Since this is a matrix multiplication, we also need a second matrix.


    // Second Matrix size
    const matrix2Size = [
        4, // number of rows
        2  // number of columns
    ];
    // Second Matrix elements
    const matrix2Elements = [
        1, 2,
        3, 4,
        5, 6,
        7, 8
    ];

The Buffers

We create a buffer for each of our matrices. We'll make this a little more interesting than the standard fare by packing two data types within the same buffer. The size of the matrices is the number of rows and the number of columns, which are integers. The elements of the matrices are arbitrary floating point numbers. These two data sets will be combined into a single buffer. JavaScript has the ArrayBuffer, which is designed for exactly this case.

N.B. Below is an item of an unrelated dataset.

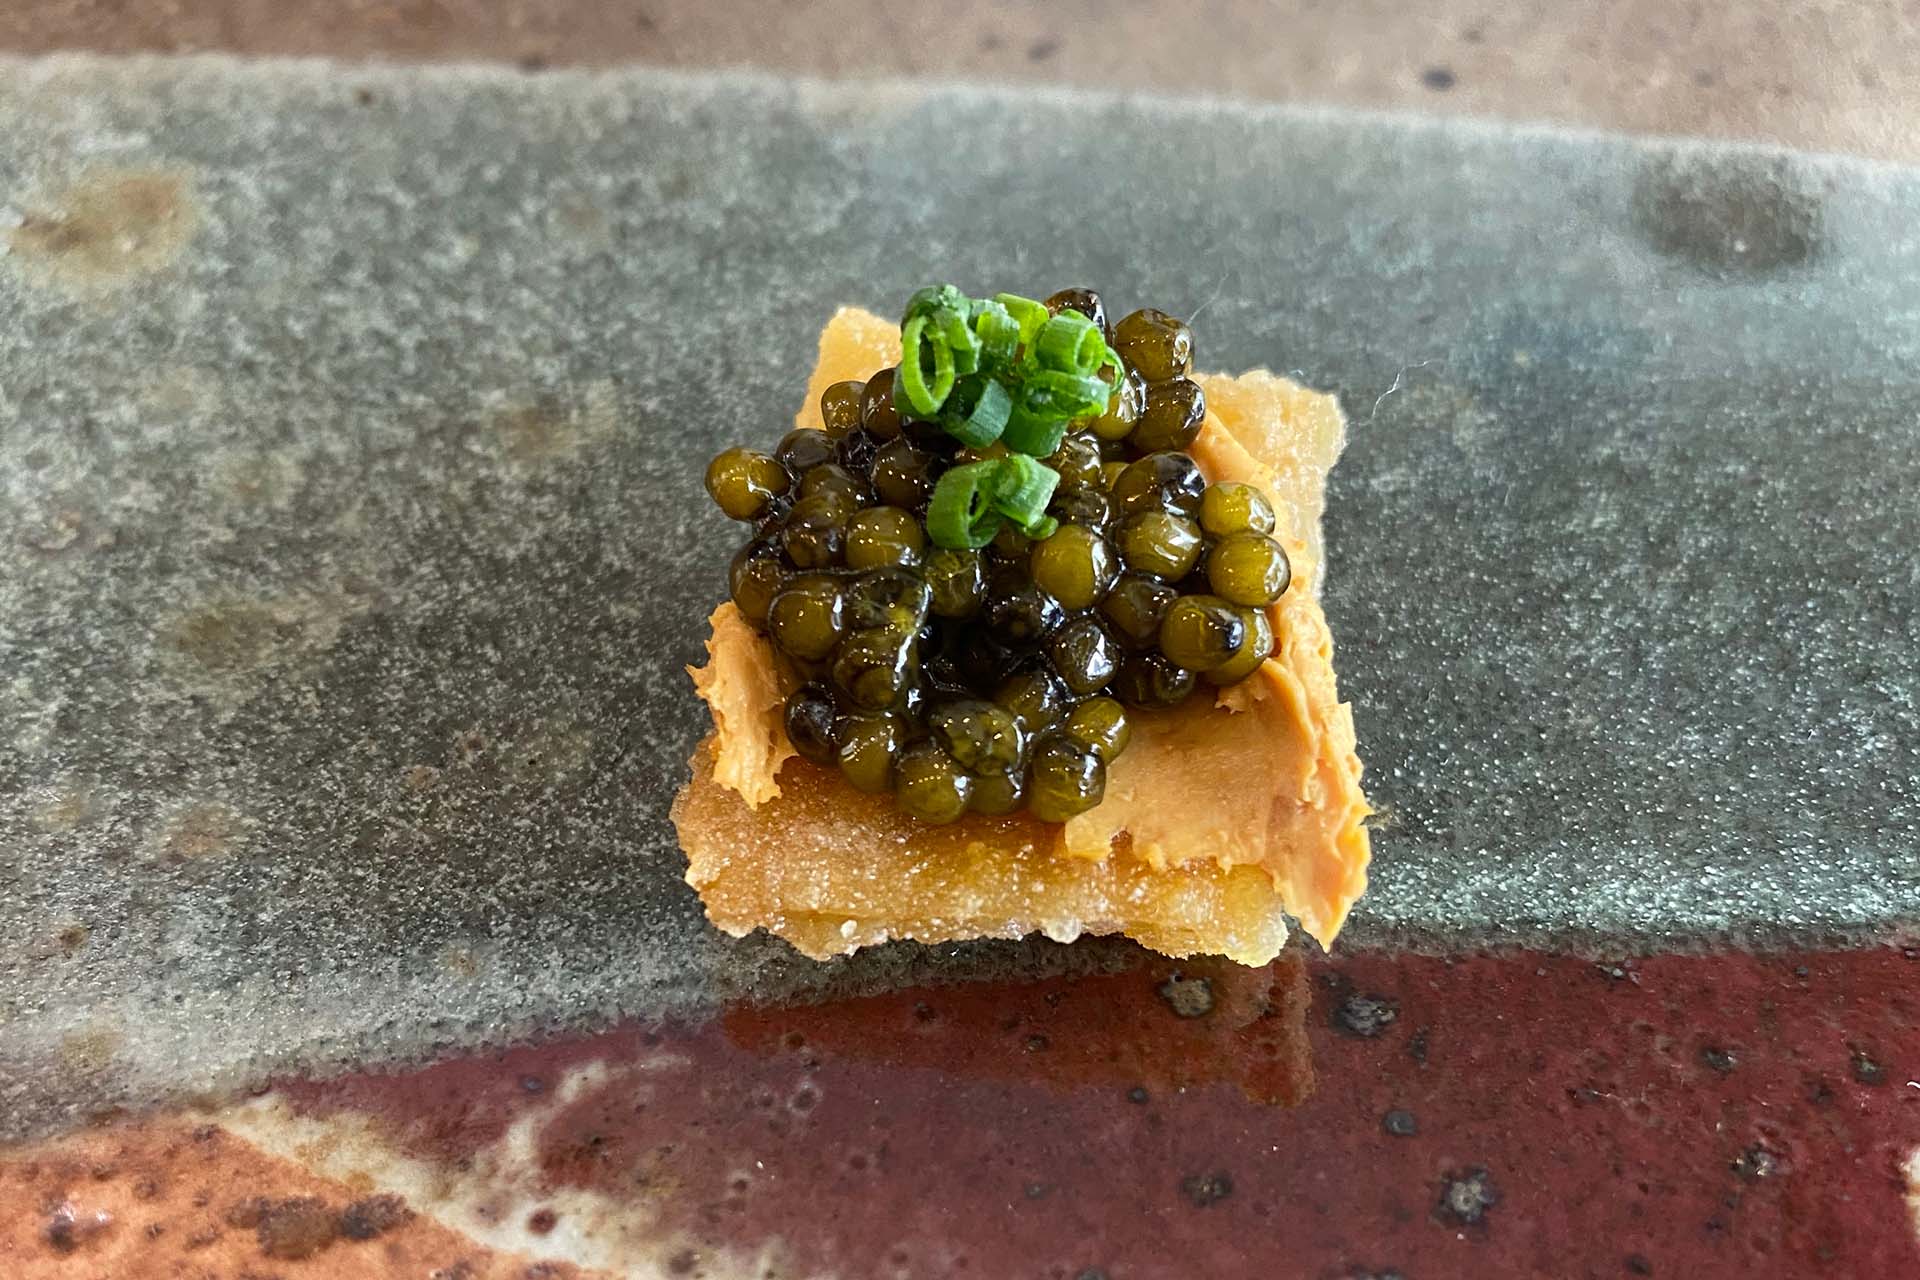 A square of crispy chicken skin topped with caviar.

We create a buffer large enough to hold all of our data. The buffer is mapped at creation, so we can initialize it with our data. This works for initialization even though the buffer is not flagged as MAP_WRITE. The buffer is flagged as STORAGE, which is suited to mapping to data structures in a shader.


            // Allocate a mapped buffer for our data
            const matrixBuffer = device.createBuffer({
                mappedAtCreation: true,
                size: matrixSize.length*Uint32Array.BYTES_PER_ELEMENT
                        + matrixElements.length*Float32Array.BYTES_PER_ELEMENT,
                usage: GPUBufferUsage.STORAGE,
            });

Next we geta an ArrayBuffer that represents the GPU buffer.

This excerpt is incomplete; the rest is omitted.